### [Your task]
Produce a verbatim copy of the data below that contains no pictures.

### [Data provided]
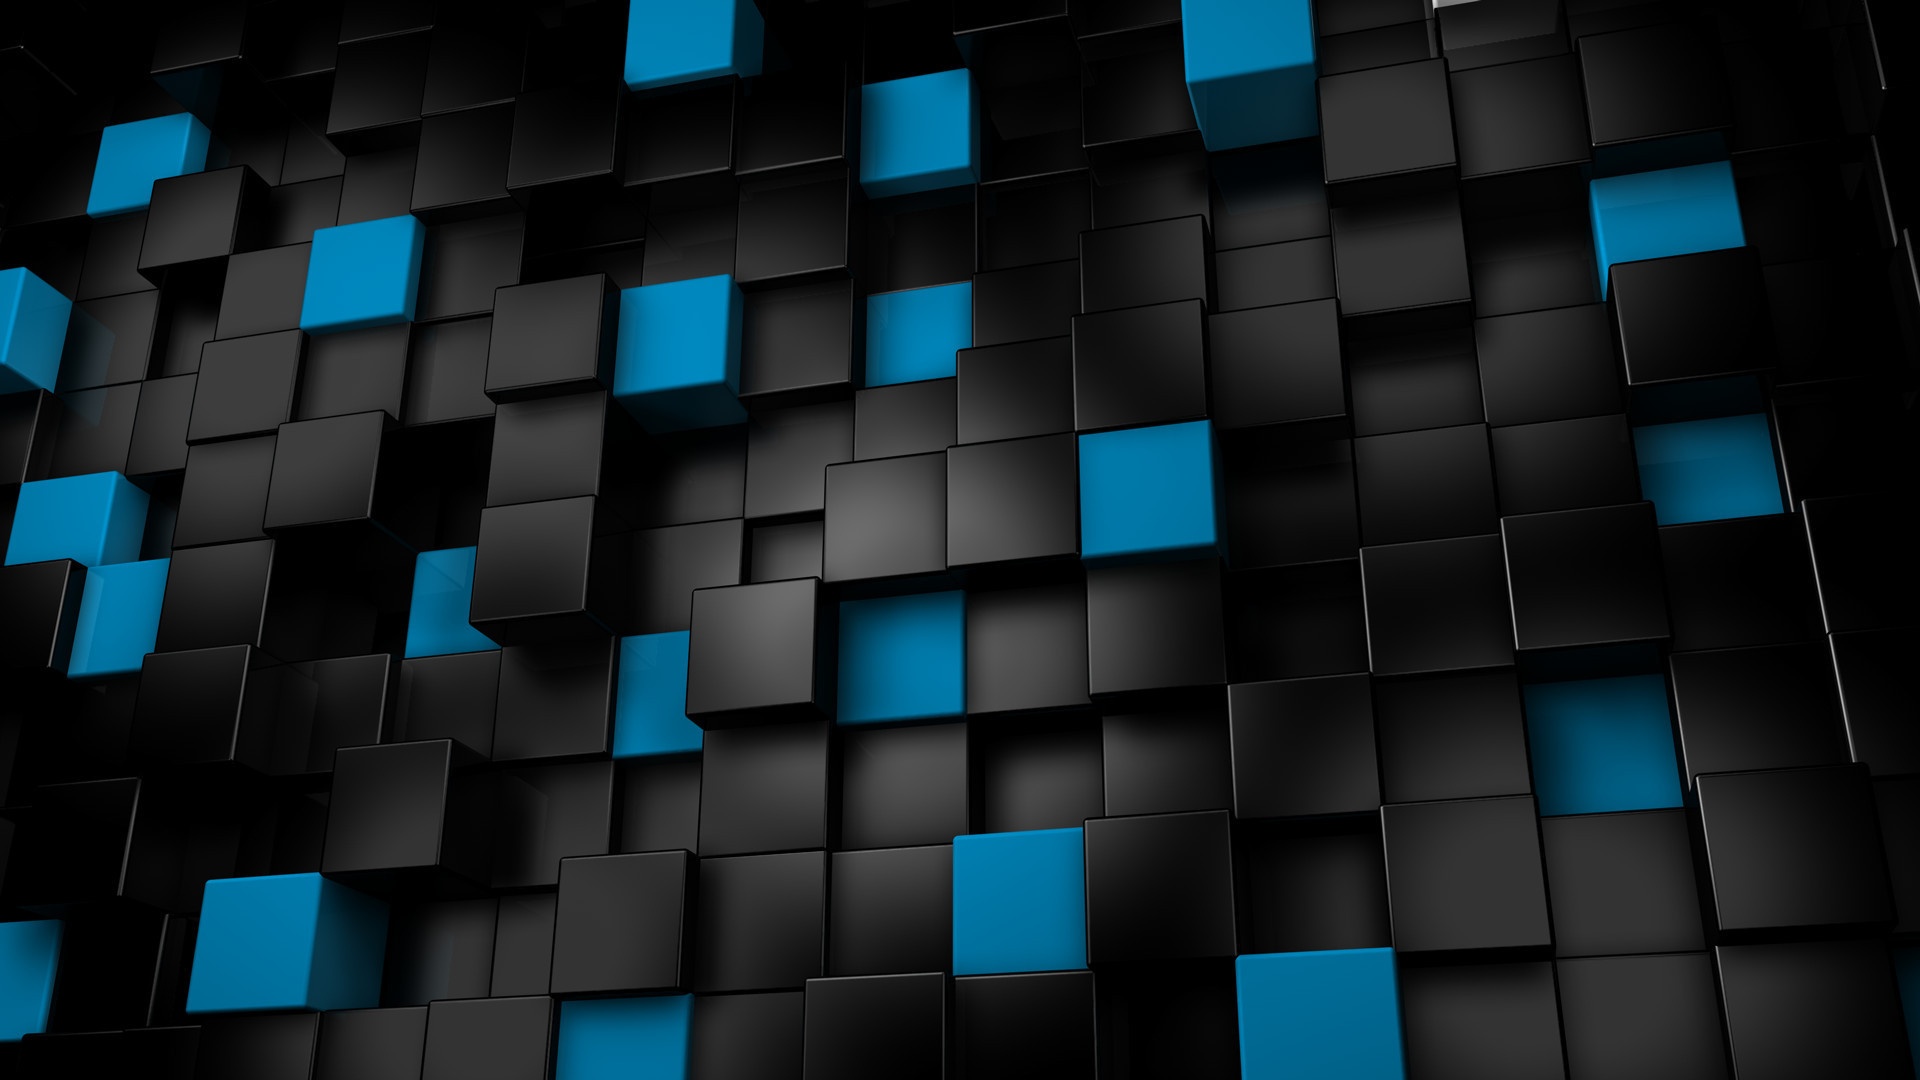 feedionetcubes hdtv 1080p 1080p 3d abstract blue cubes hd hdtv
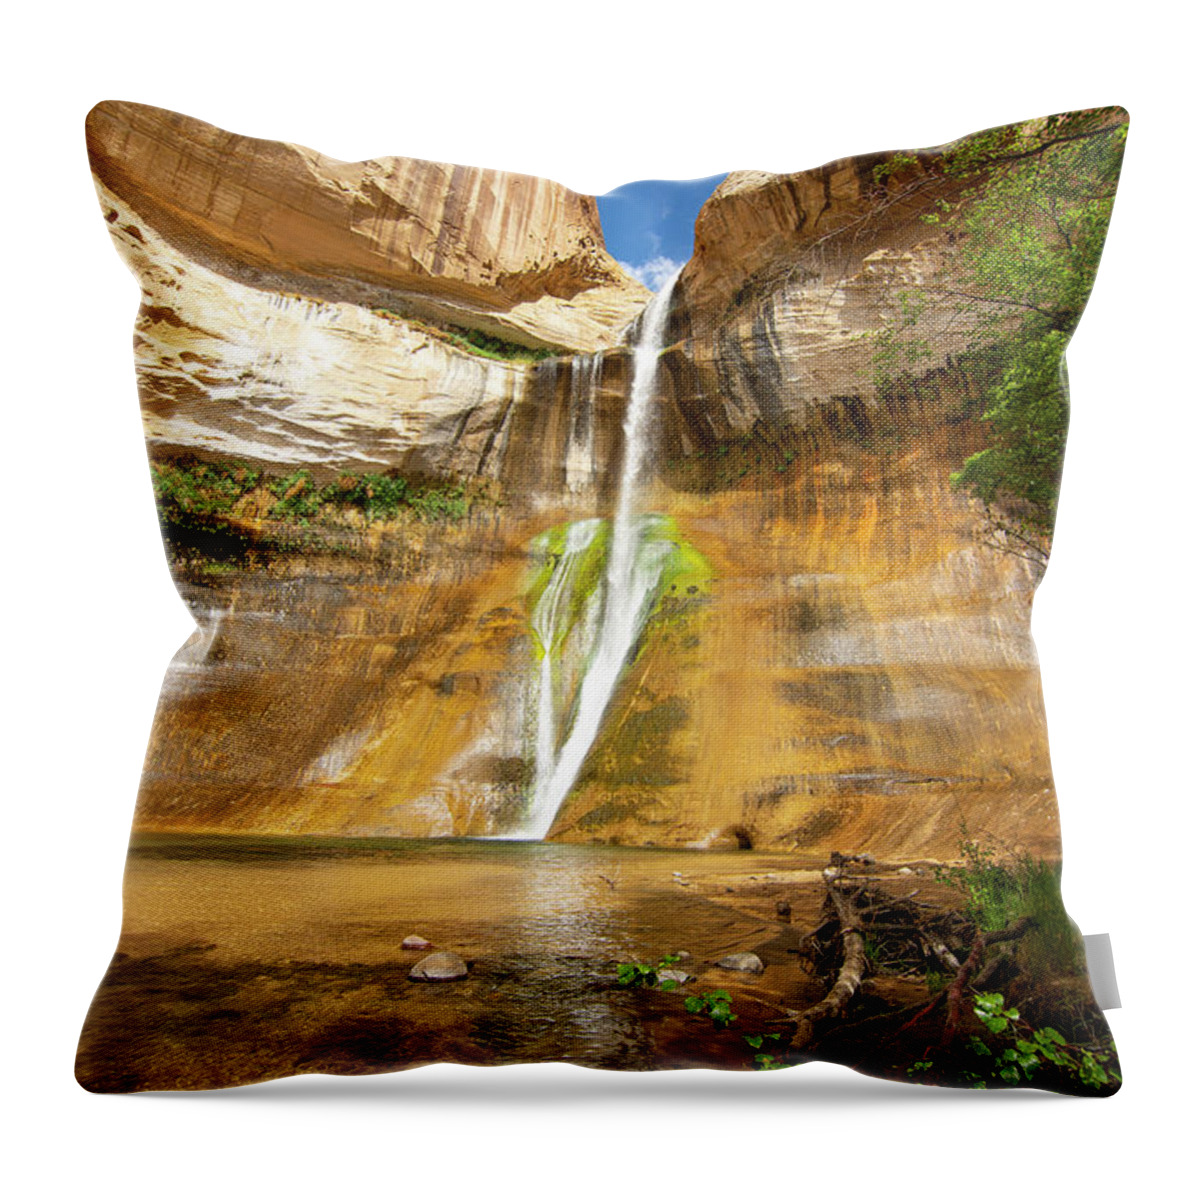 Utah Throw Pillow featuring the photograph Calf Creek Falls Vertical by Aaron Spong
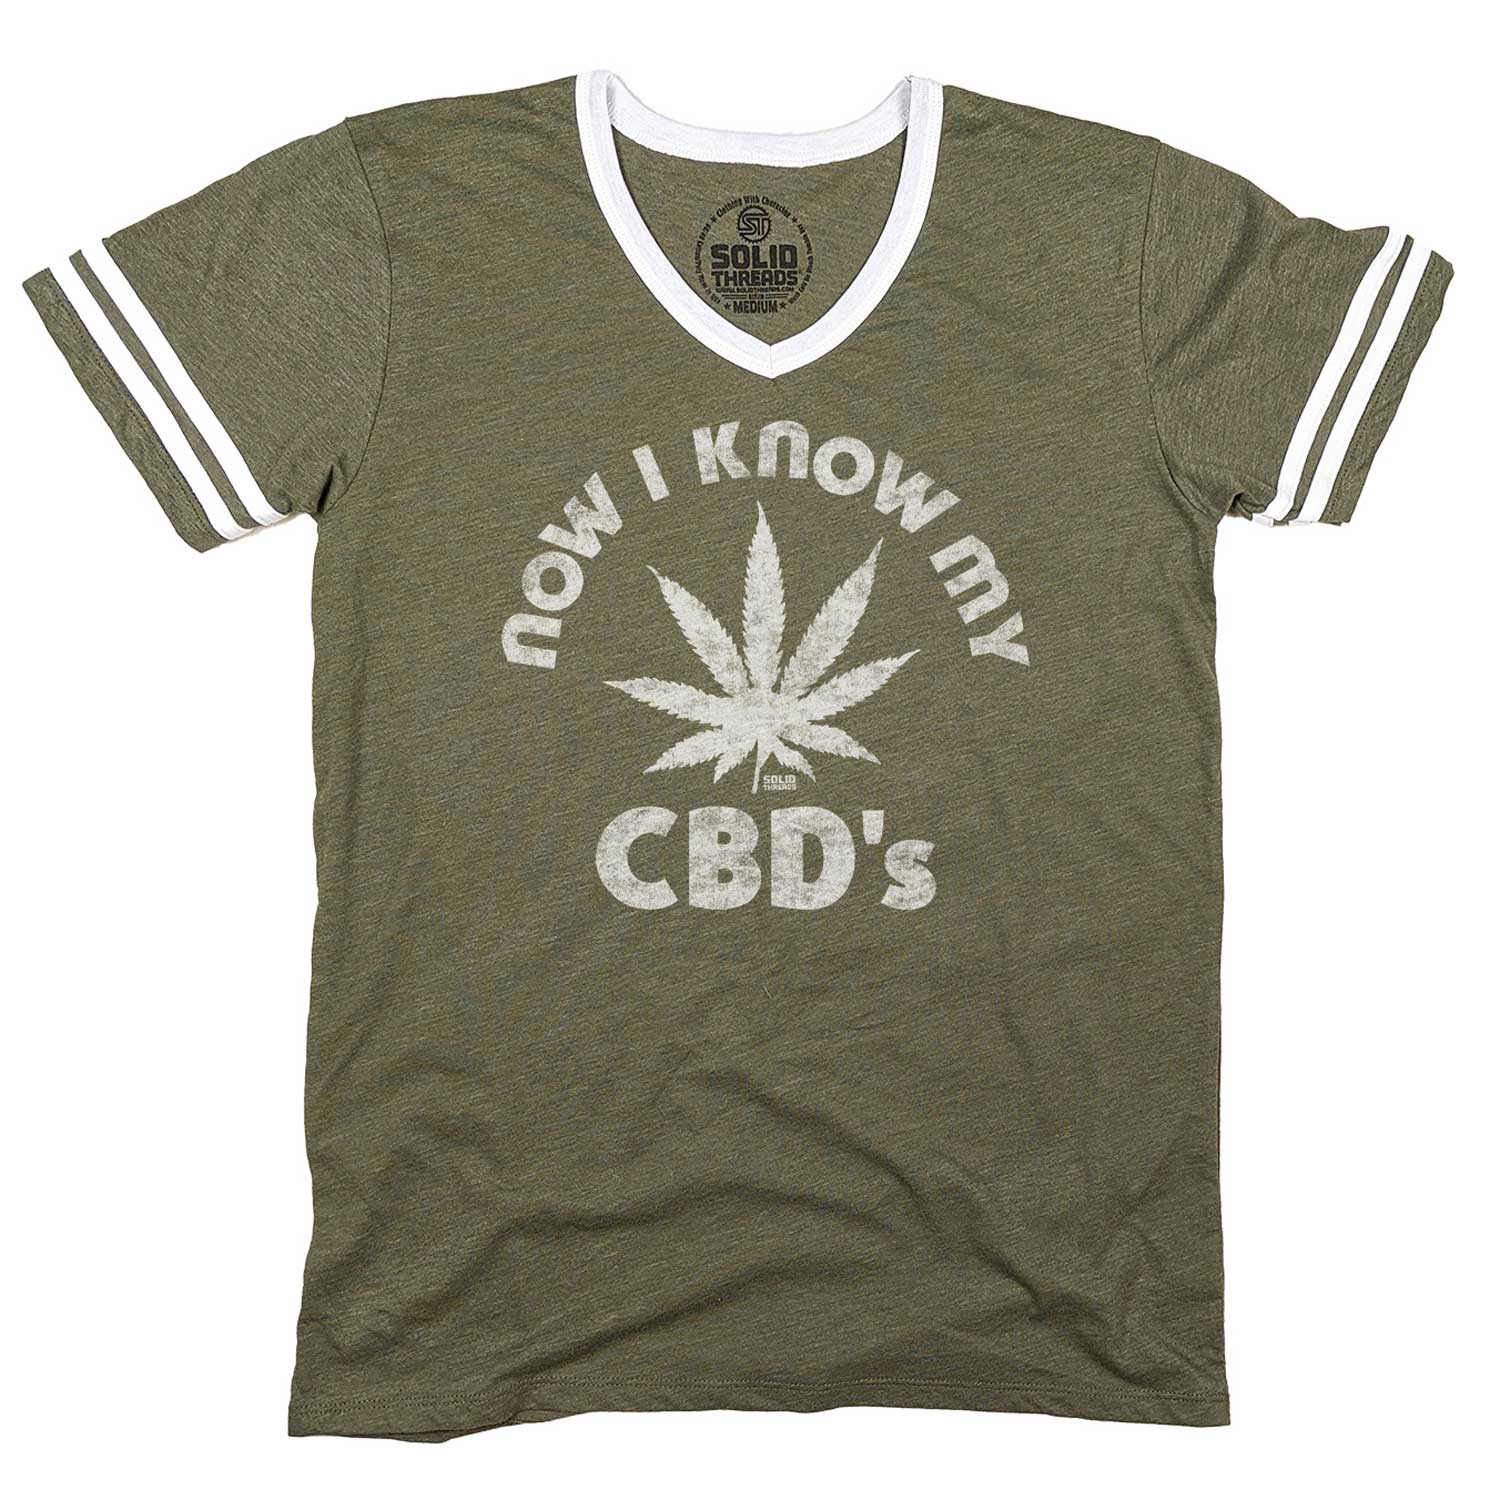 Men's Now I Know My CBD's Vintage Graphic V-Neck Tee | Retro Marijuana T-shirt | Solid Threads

### [Answer for the task]
 feedionetcubes hdtv 1080p 1080p 3d abstract blue cubes hd hdtv
 Utah Throw Pillow featuring the photograph Calf Creek Falls Vertical by Aaron Spong
 Men's Now I Know My CBD's Vintage Graphic V-Neck Tee | Retro Marijuana T-shirt | Solid Threads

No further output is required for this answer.